Victor Melleney, 76, who previously worked on programmes such as Panorama and Question time, also pleaded guilty at an earlier hearing to four counts of possessing a prohibited weapon.
He was arrested by National Crime Agency officers at his Kensington flat in October 2018. The weapons – three tasers and a pepper spray – were recovered following a search of the flat and his Porsche.
Officers also seized Melleney’s laptop and iPad from this address. An external hard drive, which he initially attempted to hide in his pocket, was recovered from the bathroom of the flat.
His devices contained over 800 images and videos of child sexual abuse (categories A-C) and he had downloaded four different Peer 2 Peer file sharing applications onto them.
Analysis showed that the keywords he used to search for the material included “PTHC” (Pre Teen Hard Core), “Preteen” and “11 yo”.
In March 2019, NCA officers executed a warrant at another of Melleney’s properties in West Wittering, Chichester, as intelligence showed that he had also accessed child abuse material from the address in the month prior to his arrest.
Melleney was found guilty of possessing indecent images of children at Kingston Crown Court on 17 December 2021. He was sentenced for this, and the prohibited weapons offences, at the same court today (14 January).
Martin Ludlow, Operations Manager at the National Crime Agency, said: “Melleney had a significant collection of child abuse material, which he obtained from the internet.

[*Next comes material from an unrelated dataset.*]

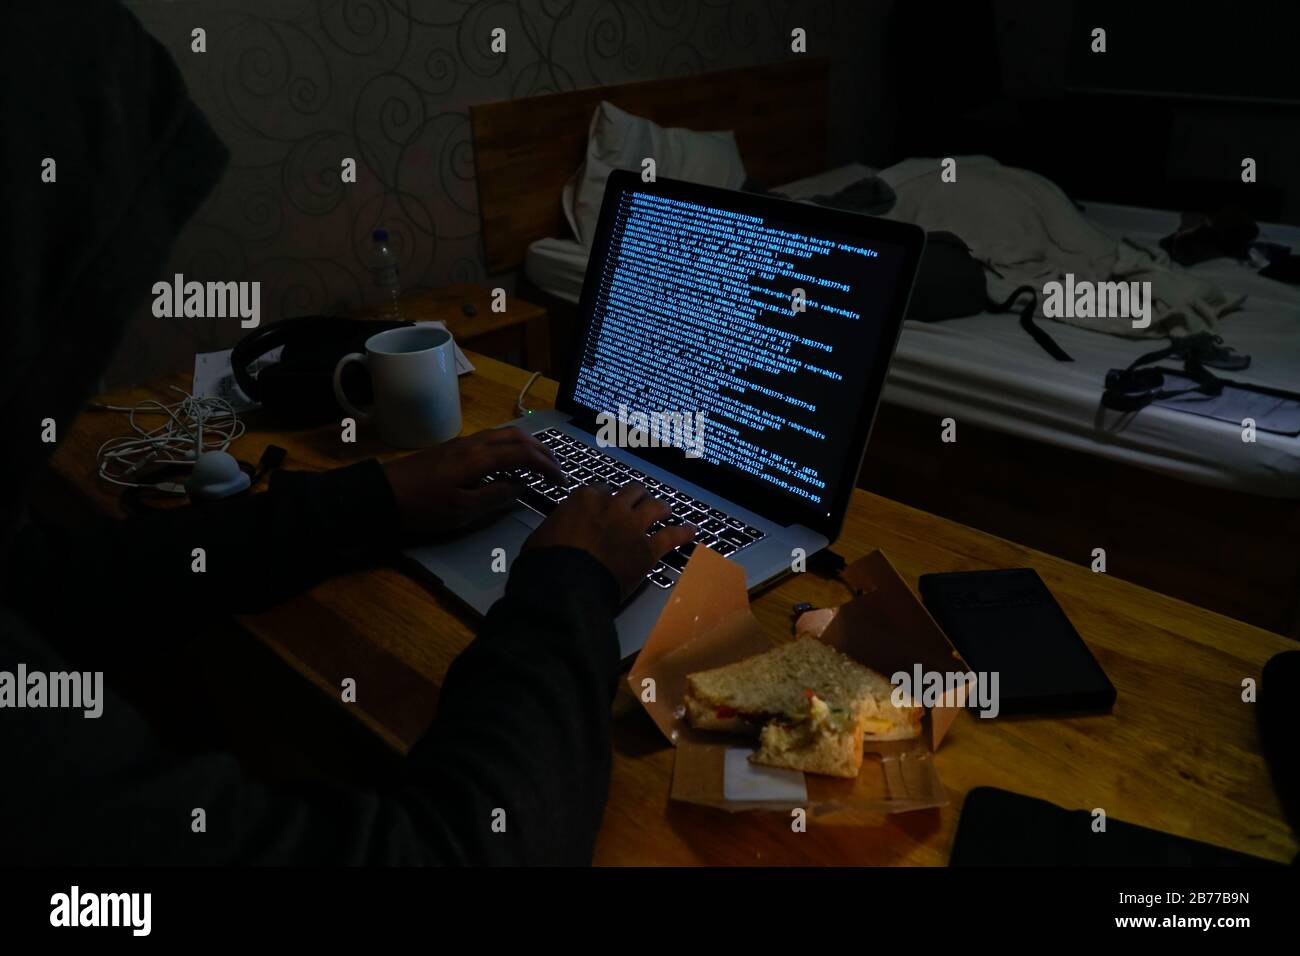 Späte Nacht Männer Computer Hacking Code in unordentliche Hotelzimmer Dunkle Internet Cyberkriminalität Sicherheitsverstöße Informationen handeln Kreditkartenbetrug Identitätsdiebstahl. Stockfoto

“It’s really important not to forget that behind every sexual abuse image is a child whose life has been cruelly torn apart by an abuser, with men like Melleney fuelling the demand for such material.”
Martin Ludlow, Operations Manager at the National Crime Agency
Senior Specialist Prosecutor Ruona Iguyovwe, of the CPS, added: “Victor Melleney knew that he was in possession of indecent images of children. The devices recovered during searches of Melleney’s home revealed downloads of images depicting sexual activity involving children. Examination of the electronic devices also revealed software which can be used by users in sharing indecent images of children.

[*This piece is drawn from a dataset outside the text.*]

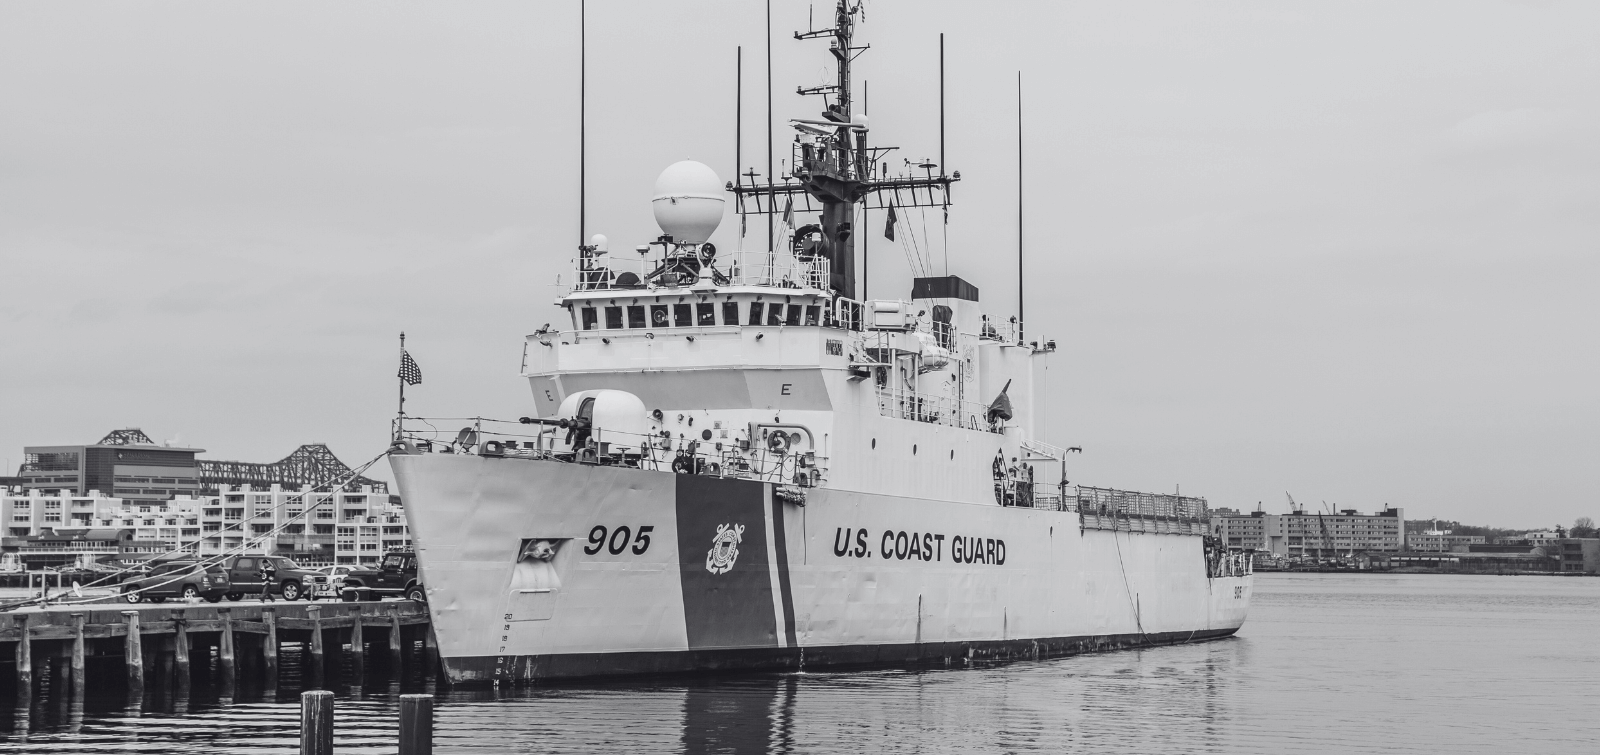 United States Coast Guard ship at dock

“The hard drives, recovered from his home, his basement, and hidden in the pocket of a dressing gown he was wearing when he was arrested, contained sickening videos, part of a collection downloaded over years.
“The sexual exploitation of children and the distribution of images like this is an utterly abhorrent practice and one which the CPS and its partners will continue to work to root out,” Iguyovwe concluded.